The internet can be poetic: Why I’m no cyber-skeptic

There are increasing murmurs about the internet being bad for you, Facebook and Twitter isolating people from reality, but I don’t buy it. Here’s why.

You may remember last month Sue and I got stranded in Buffalo for a day and I wrote a blog post about the experience to avoid having to think more seriously about suicide. Part of that was walking into a bookstore and buying what’s called a “broadside,” which is basically an eight dollar printed version of a poem, by the Ohio poet Russell Vidrick. Here’s what I wrote about it at the time:

After lunch, we drove past a store called Rust Belt Books, and I stopped the car hoping I might find something distracting inside. A woman wearing two sweaters and some fingerless gloves was behind the counter, playing Tom Waits songs on the stereo, slinging eight-dollar books of Beat Poetry. I kept looking until I found a hand-printed poem by Ohio poet Russel (sic) Vidrick called “Everything Used To Mean Something.” It had a picture of Van Gogh’s chair on the cover, only the chair was on fire, and it seemed to fit perfectly in the moment. Much better than Jack Kerouac’s Satori In Paris, this was my Satori in Buffalo. A Satori, Kerouac wrote, meant a God-given kick-in-the-face in Japanese. And these are the first nine lines:

Everything
Used to mean something
Now it means mostly nothing.
All is lost. Faith lost.
The stage lost.
Everything
That falls is mine.
Humanity is a filthy beast burning
On an altar in my kitchen.

Except the word “altar” was misspelled.

“Alter.”

Alter what?

Shortly after that, I got an email from Vidrick’s wife, Charlotte Mann.

I came across your blog after my husband, Russell Vidrick, told me he’d googled his name out of idle curiousity and found your blog.

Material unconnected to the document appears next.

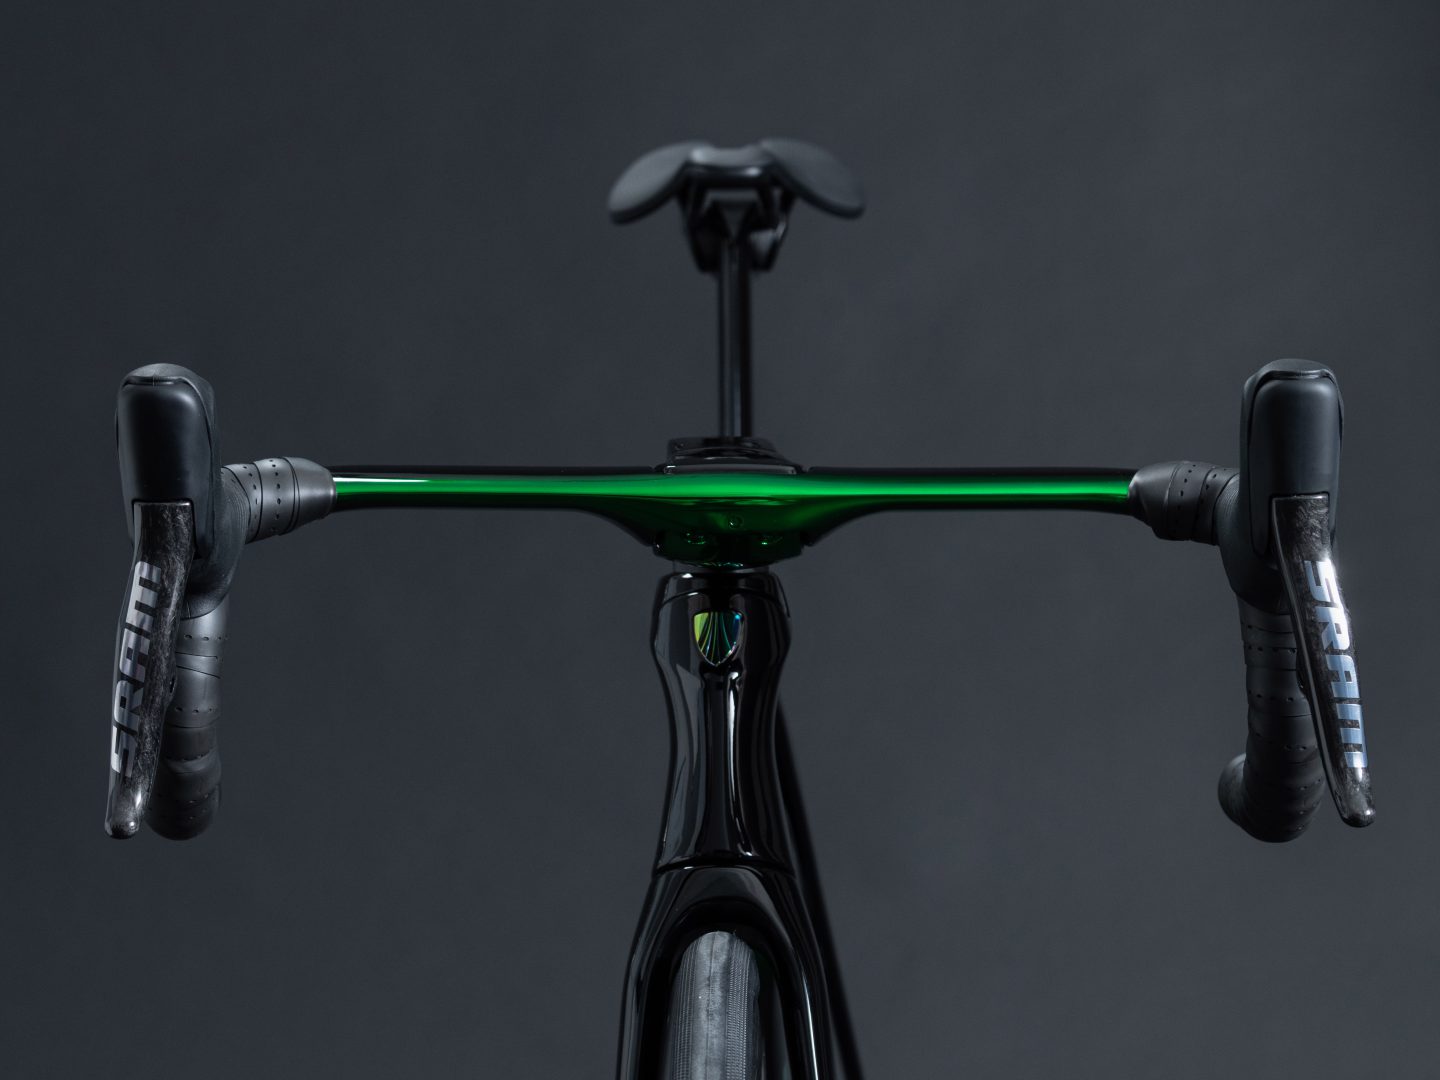 El color verde chroma del manillar va a juego con el resto de la bicicleta.

He’s a little mortified about the misspelling of the word altar. Joseph “JS” Makkos, who made the beautiful broadside of Russ’ poem that you purchased apparently didn’t correct Russ’ spelling, or, Joseph couldn’t read his writing, understandable as it’s rather illegible.

Just wanted to thank you for buying the poem and then writing about it. Are you by chance in New Orleans? I ask because Russ is going to NOLA next week to visit the city (it’ll be his first time), to go to the track, smoke some cigars, eat some delicious food, drink some good coffee and to read some poetry. I’ll be staying home in Cleveland, where we live.

If you’re actually in NOLA & interested in attending the reading at which he’ll be a feature please let me know and I’ll find out where it is & tell you.

Vidrick’s reading took place this afternoon at the Maple Leaf Bar on Oak Street, here in New Orleans. I showed up late, thinking a bunch of poets would no way be punctual, especially not in this town, but they were all just leaving as I arrived. Vidrick’s publisher Joseph Makkos recognized the broadside in my hand, and yelled at me from a departing station wagon, “hey, nice broadside!”

We had a good little conversation through the window, during which I apologized for being late, and Vidrick signed the poem. He also was kind enough to give me a signed copy of his wife’s book, “Hotel Poem,” containing photographs of Cleveland poets, and a copy of his newest book, “Love Poems of the New World Order.”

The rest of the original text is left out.